Patent protection, for example, plays a significant role. In the U.S., patents are a government-granted monopoly towards the inventor for a limited period of 20 years. As WIPO’s 2015 World Intellectual Property Report on Breakthrough Innovation and Economic Growth has shown, 3D printing companies are enforcing patents heavily. These include not only specialist 3D printing companies but also major manufacturing companies, such as GE and Siemens. One of the reasons why patent protection is an important strategy over 3D printing is that such protection covers a wide variety of objects, including printers, the components of such printers, the manufacturing processes, and the products. In addition, the industrial 3D printing sector does not solely rely on patent law in its protection strategy. Trade secrets, copyright, and trademark protections also play a role.
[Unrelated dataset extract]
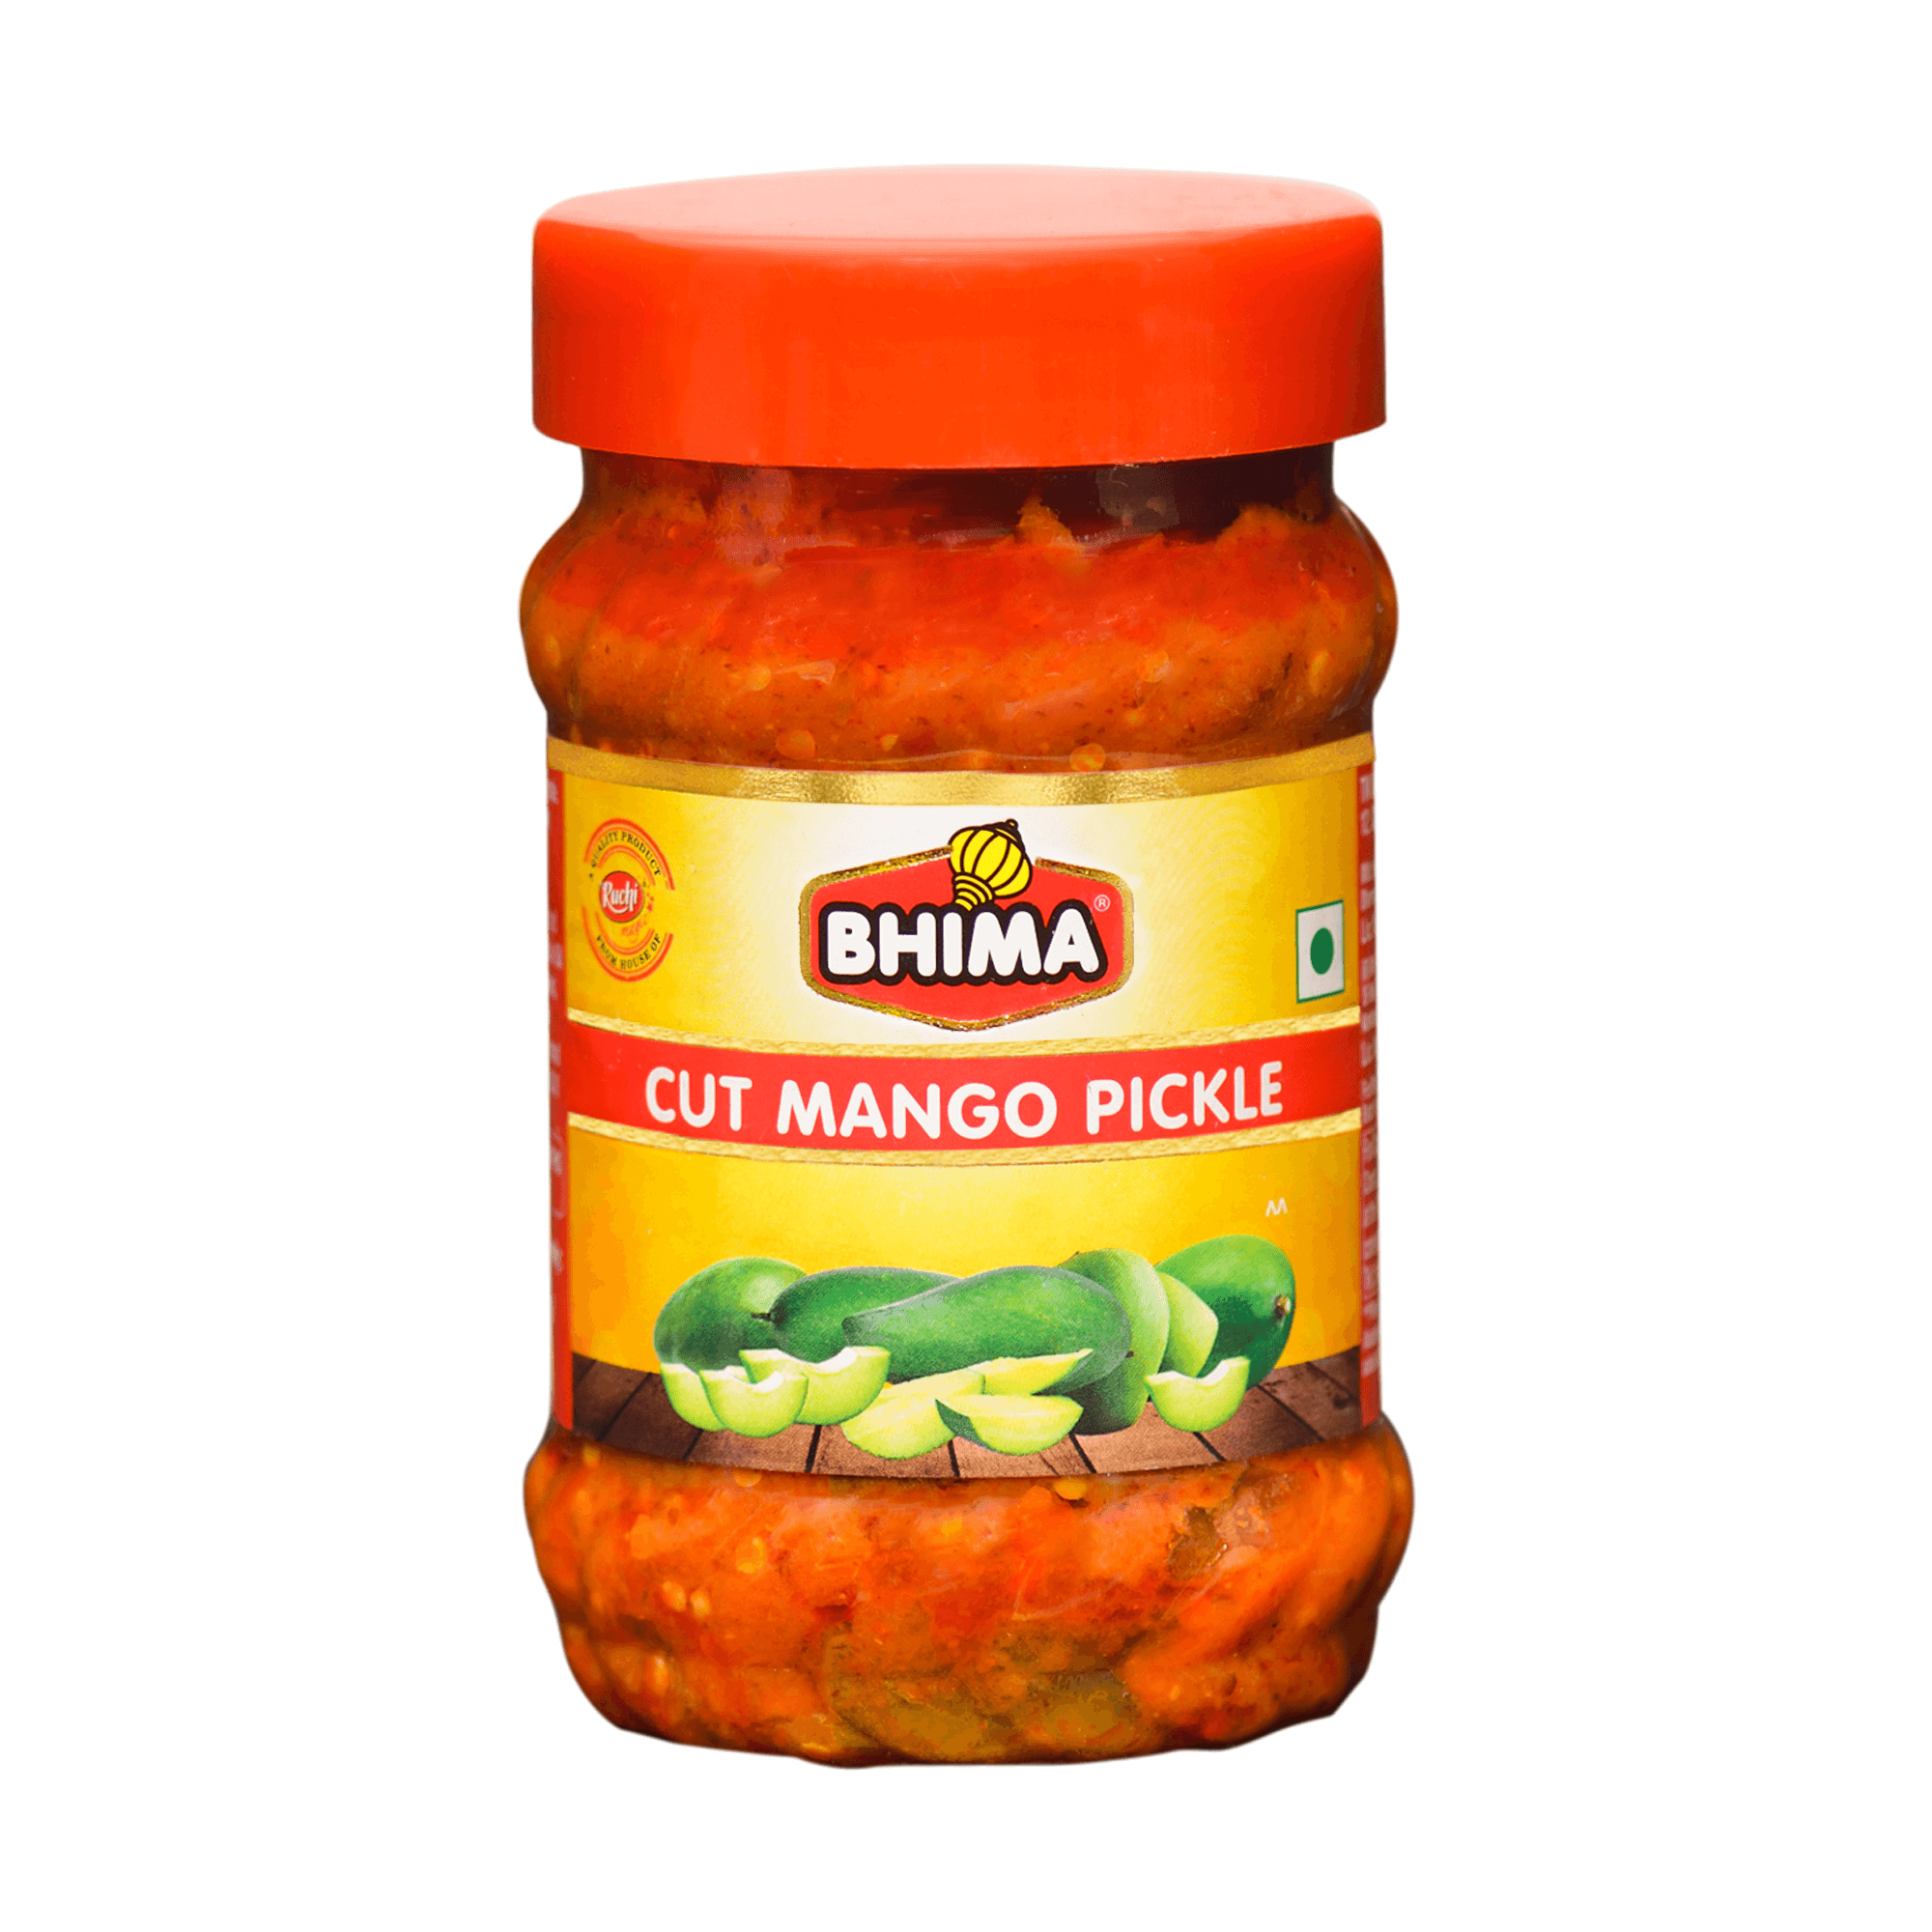 Bhima – Cut Mango

However, there are also questions that courts need to address when it comes to the 3D printing technique. Compared to the industrial sector where the protection is similar to the other manufacturing industries, 3D printing for non-commercial purposes seems to face several new challenges. One question raised by Elsa Malaty and Guilda Rostama published in World Intellectual Property Organization (“WIPO”) Magazine is who would own an object when it is conceived by one individual, digitally modeled by another, and printed by a third individual.
Why does it matter?
With the quality of 3D printing continuing to rise and the price continuing to drop, 3D printing is now more advanced and accessible, so it can be foreseen that 3D printing-related legal protections and disputes will only increase in the future. The challenges and opportunities will come after the earliest patents start to expire. The original owners would need to develop new patentable technologies to maintain those protections. The expiration will also present an opportunity for the Open Source Community.
IP law contributes enormously to national economies. Dozens of industries, including 3D printing, rely on the adequate enforcement of IP. On the other hand, consumers benefit from IP to ensure the quality of the products, such as 3D printers. This is especially important because the availability of low-cost, high-performance 3D printers has put the technology within reach of consumers.
At the same time, IP-related issues are only one legal aspect that 3D printing raises. During the use and application of this technique, other aspects of law will undoubtedly be implicated and will need to be resolved eventually.